Tales of the Apocalypse
I’m teaching a sweet class at the art high school this semester on apocalyptic and post-apocalyptic literature and film, largely because I feel it’s my civic duty to teach students the difference between dystopias and apocalyptic stories. It drives me crazy when moron critics call a show like The Walking Dead a “haunting dystopia.” My other main motive for teaching the class is so I can get paid to watch Mad Max. Doesn’t get much better than that.
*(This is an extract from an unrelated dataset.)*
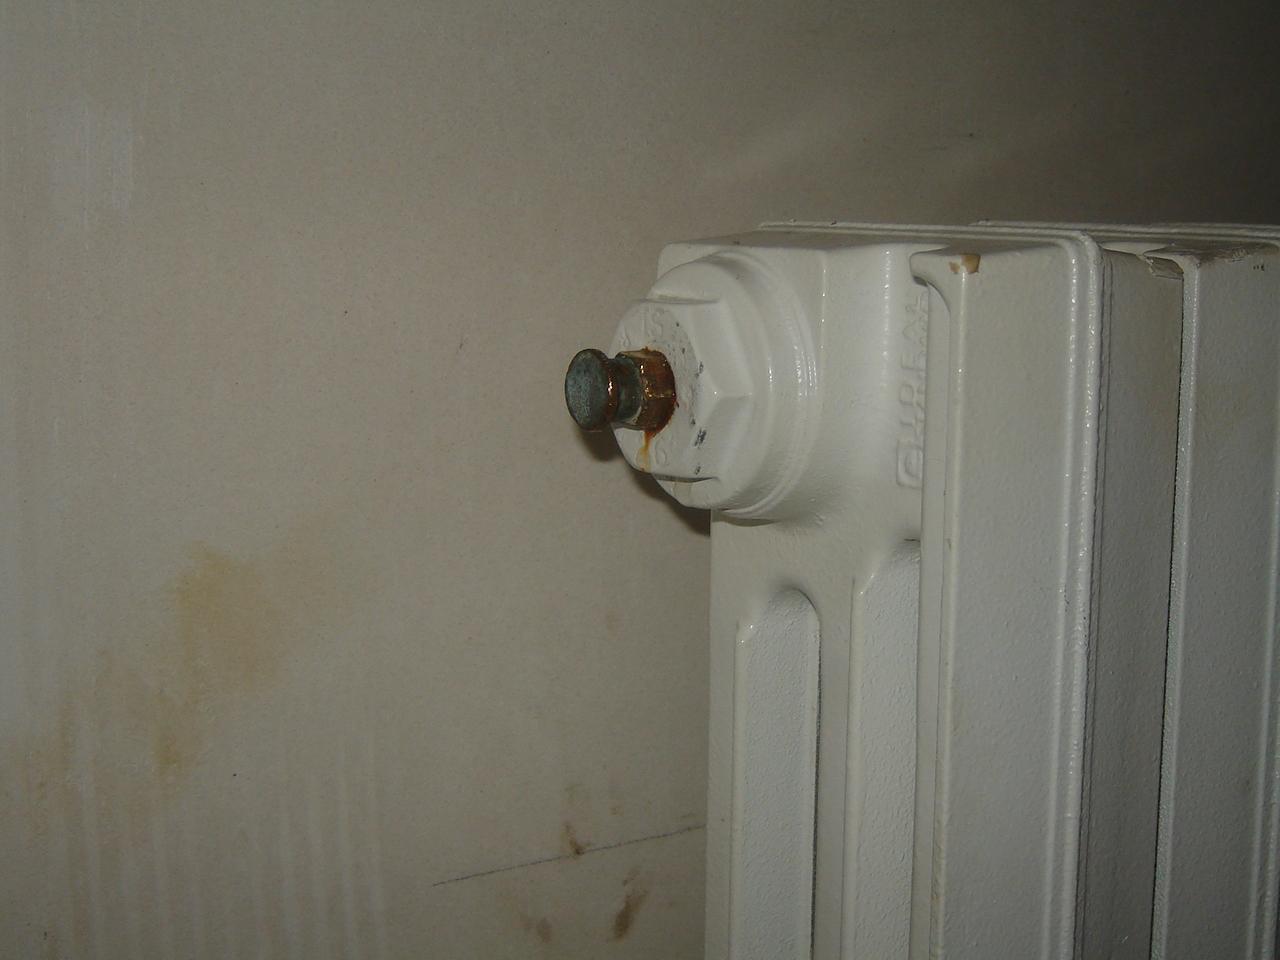 Vis de purge cass e sur radiateur fonte - Pied pour radiateur en fonte ...

John Carter and Mad Max duking it out
in Ragnarok. © Chris Turk. 

We haven’t quite gotten to Mad Max yet though. First up has been tales of apocalypse in mythology. We kicked off the term learning about Ragnarok and reading some of the Poetic Edda. Next up was flood myths. I found this great article from geologist David R. Montgomery that documents geological evidence for some big ass glacial floods that likely inspired everything from the Noah and the Ark myth to flood myths amongst the Yakima and Spokane native American tribes in the Pacific Northwest. Cool stuff. Biblical-Type Floods Are Real, and They're Absolutely Enormous.
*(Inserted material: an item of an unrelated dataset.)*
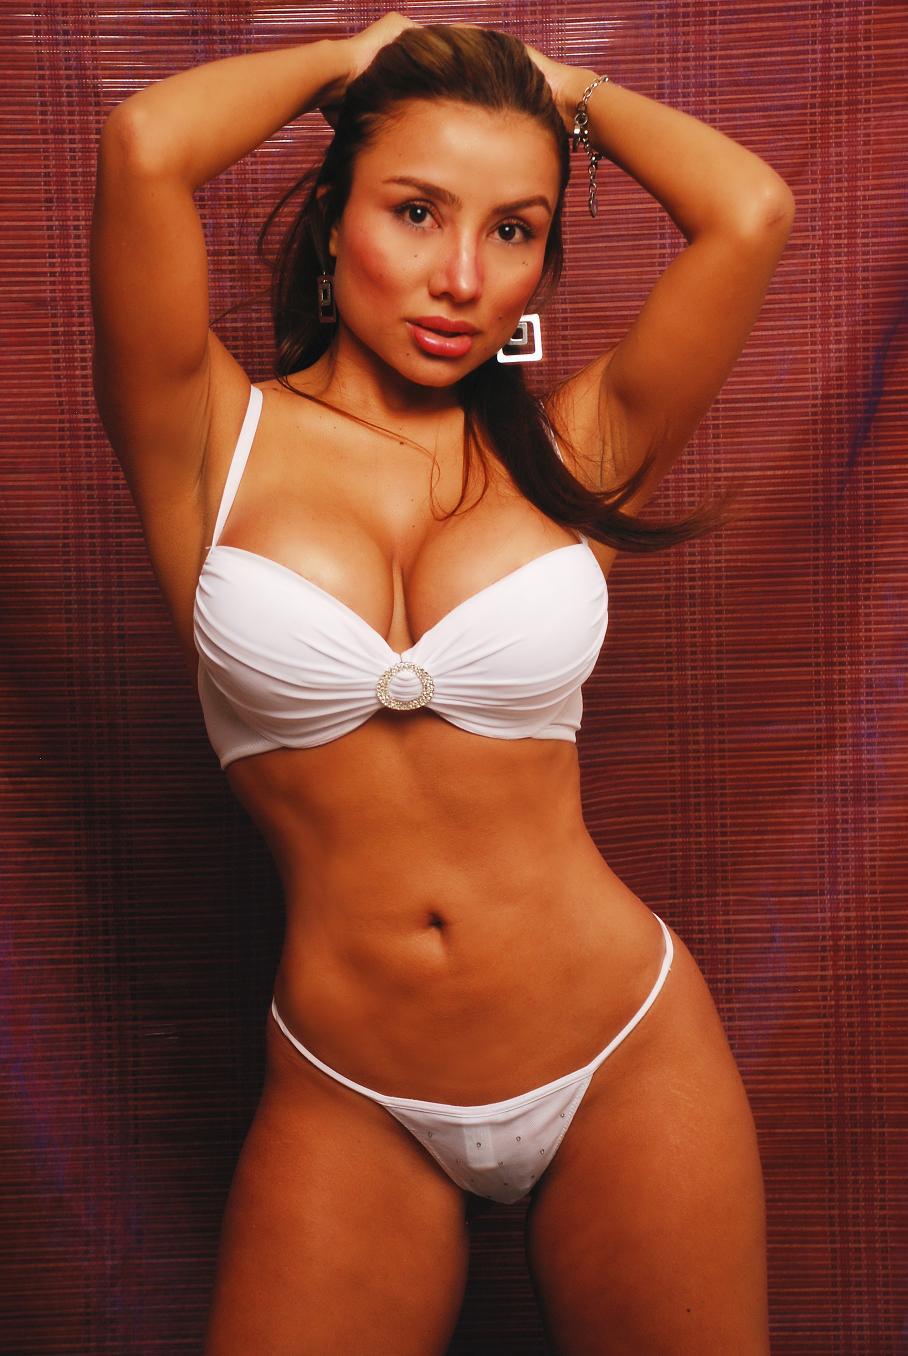 Pin modelos colombianas en ropa interior transparente for Modelos en ropa interior

Next up was some New Testament Biblical apocalypse. I don’t know what John of Patmos was smoking when he wrote "Revelation," but I need to find out. I thought I wrote some dark, wacked out stuff, but my writing doesn’t hold a candle to the crazy imagery and symbolism in "Revelation." It’s no wonder Thomas Jefferson called the chapter the “ravings of a maniac.” To lighten things up, I had my students read this great short story from Richard Parks: "Four Horsemen, at Their Leisure."
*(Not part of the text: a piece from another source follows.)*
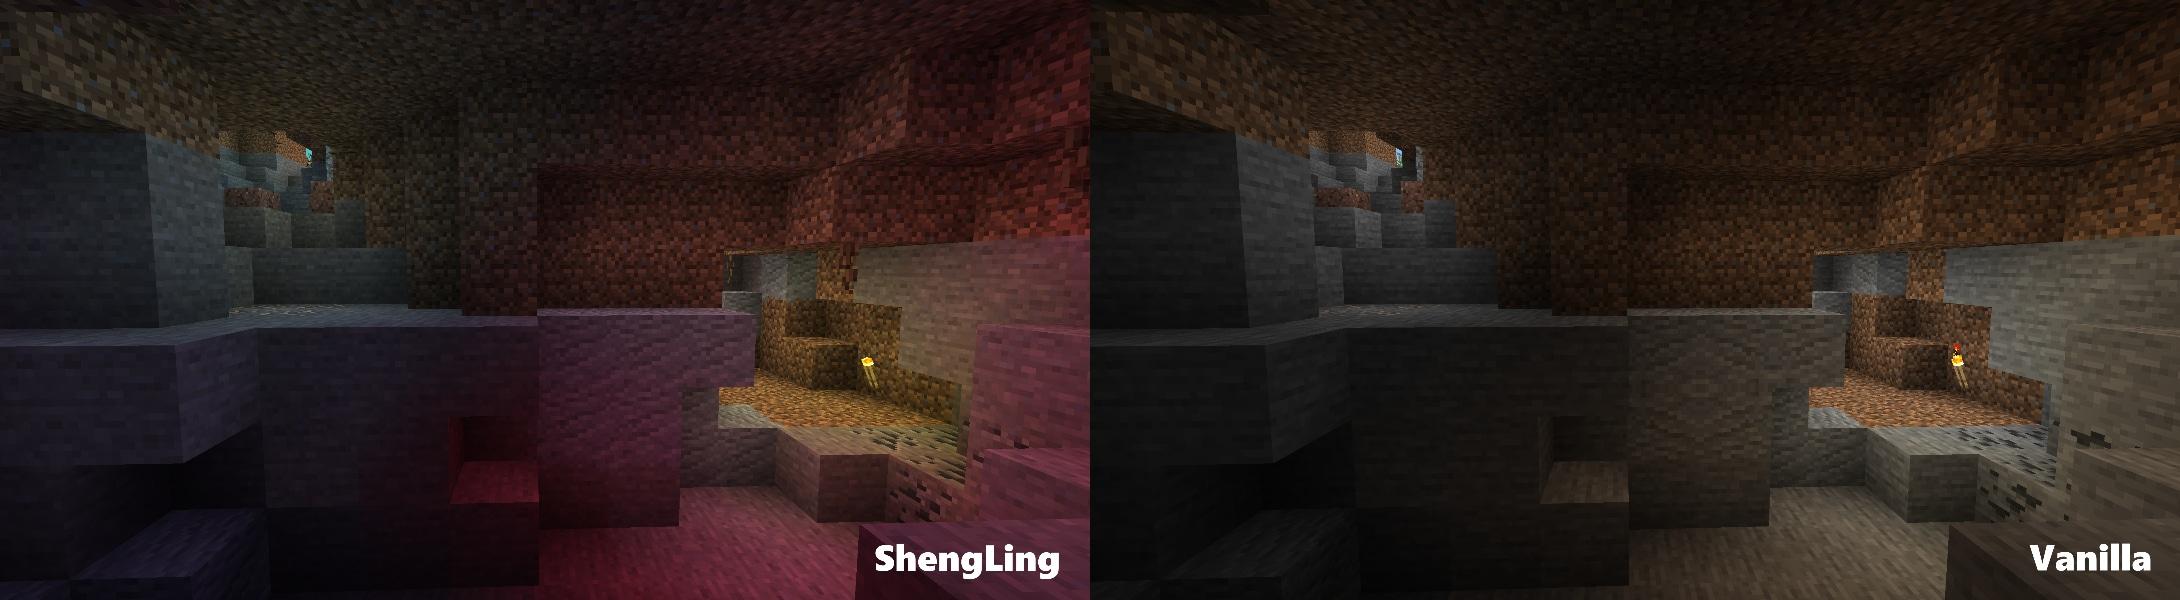 L'effet de la lumière dans une grotte

Forthcoming in the class we’ll be taking a look at alien invasion and conquest of Earth, nuclear holocaust, the zombie apocalypse, and ecological apocalypse. If you have any reading or viewing suggestions for me, please let me know in the comments below. On a related note, I’m using the class as a good excuse to finally read A Canticle for Leibowitz. I’m about halfway in and enjoying it. It has a subtle, dry sense of humor that’s keeping me going despite the slow pacing and irregular story arc.

On the Boob-Tube
I don’t watch TV too often. Seriously, I still haven’t even seen the second season of Game of Thrones yet (but my DVD box set is in the mail—finally!). There are a couple of shows I’ve been watching though. The first is my mainstay, The Walking Dead. It’s really turning into a love-hate relationship for me. The first season was awesome. The second season started stupidly slow, but managed to salvage itself with a great mid-season finale and some good carnage building up to the season finale. Now we’re in the middle of the third season and I feel like the writers are needlessly manipulating us with unbelievable, unnecessary character drama. I’m still on-board with Daryl and Glen, but this whole business with Rick going crazy every time he has a down moment is downright annoying. I can’t help but feel like I’ve been duped into liking a poorly written show because I’m blinded by my love for zombies and I’m so invested in Rick, Daryl, and Glen (Carl can go wash his mouth out with a gun as far as I’m concerned). I don’t know. What do you all think?

The second show I finished up this winter was American Horror Story: Asylum. I don’t have much to say apart from that I loved it. The look, the feel, the writing, the acting was all top notch. I mean, it doesn’t get much better than a mash-up of serial killers, aliens, demonic possessions, and Nazi torture doctors. My only complaint is that the last two episodes were too epilogue-ish. In fact, they were sort of pointless. I think the show would have been stronger without the second, present-day storyline. I mean Dylan McDermott was awesome in the first season, but his character was unnecessary in the second season, and I feel the same way about Adam Levine as I do about Carl from The Walking Dead.

That’s all for now. I was gonna bitch about Ridley Scott’s Prometheus, but I don’t have any other movies to chat about and now that I think about it, Prometheus was so disappointing it’s not worth wasting my breath on. I’ll be back next week with a teaser from Dreamwielder. Cheers!

-Garrett Calcaterra


  1. You're totally on the money about Rick's character. He's crazy when it's convenient for the storyline, and then he's sane when they need him to save the day. Not buying it for a second! You score minus points, however, for calling it the boob-tube.

  2. Thanks. Is "idiot box" a preferable euphemism?